Open source or proprietary software? A practical guide for production companies
Emile Pierloot
on , updated
Is open source software (OSS) the right decision for your production company? In contrast to proprietary software, the possibilities in terms of flexibility and scalability are endless. Yet, not all open source applications are alike. And of course, there’s no such thing as a free lunch. Here’s a basic framework to evaluate OSS for your business.
And did you know that open source software powers 99% of all supercomputers worldwide?
Given how widespread it is, it’s clear that open source is embedded in our daily lives and businesses, including industrial environments. So it’s also important, as beneficiaries, to look beyond the hype and clear up any misconceptions.

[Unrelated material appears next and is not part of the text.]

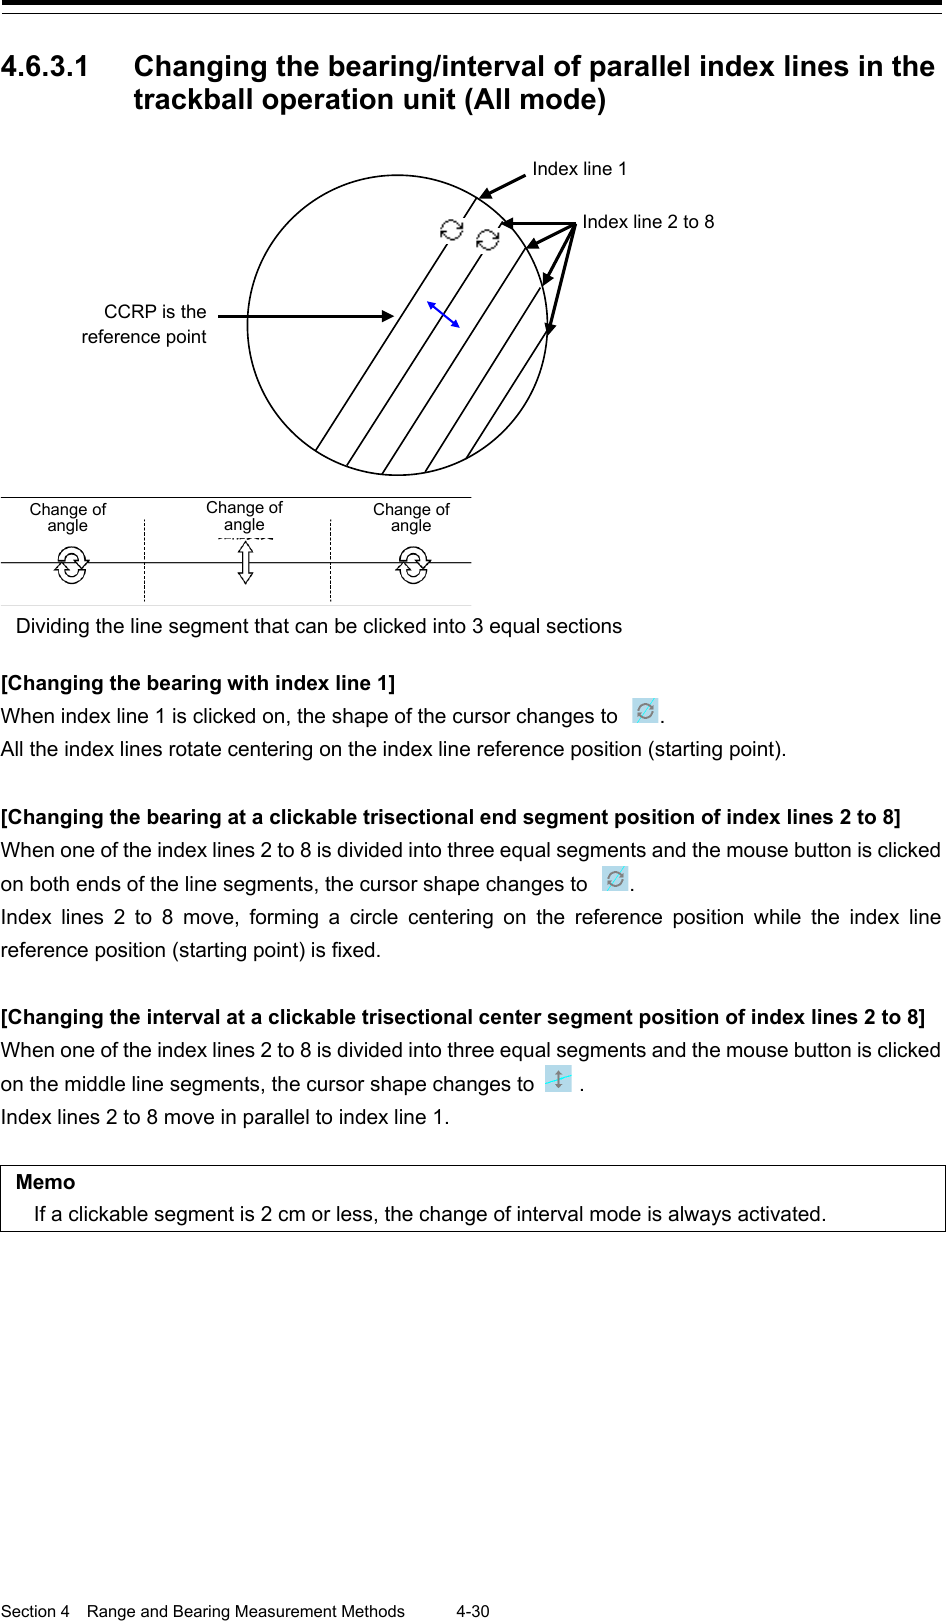  Section 4  Range and Bearing Measurement Methods 4-30  4.6.3.1 Changing the bearing/interval of parallel index lines in the trackball operation unit (All mode)            [Changing the bearing with index line 1] When index line 1 is clicked on, the shape of the cursor changes to  . All the index lines rotate centering on the index line reference position (starting point).  [Changing the bearing at a clickable trisectional end segment position of index lines 2 to 8]   When one of the index lines 2 to 8 is divided into three equal segments and the mouse button is clicked on both ends of the line segments, the cursor shape changes to  . Index lines 2 to 8 move, forming a circle centering on the reference position while the index line reference position (starting point) is fixed.  [Changing the interval at a clickable trisectional center segment position of index lines 2 to 8]   When one of the index lines 2 to 8 is divided into three equal segments and the mouse button is clicked on the middle line segments, the cursor shape changes to  . Index lines 2 to 8 move in parallel to index line 1.  Memo If a clickable segment is 2 cm or less, the change of interval mode is always activated.    Change of angle Change of angle Change of angle Dividing the line segment that can be clicked into 3 equal sections      CCRP is the  reference point Index line 1 Index line 2 to 8

The rise of open source in the industry
There’s no denying it: open source software (OSS) is becoming increasingly prevalent in the industrial world. Many production companies are turning to it to streamline operations, reduce costs, and foster innovation. But what are the real benefits of open source software, and where do its limitations lie?
For production companies, the key lies in knowing how to leverage OSS effectively. In this article, I’ll try to give you the basics and set up a framework for evaluating when open source solutions are right for you.
By understanding both its advantages and the challenges, you can make strategic decisions that enhance your operations and ensure your organisation stays competitive.
In this blog post, you’ll explore:
Why open source matters to the industry, to Factry and to me
What open source software (OSS) is, and what it’s not (free)
OSS vs proprietary software: what sets them apart?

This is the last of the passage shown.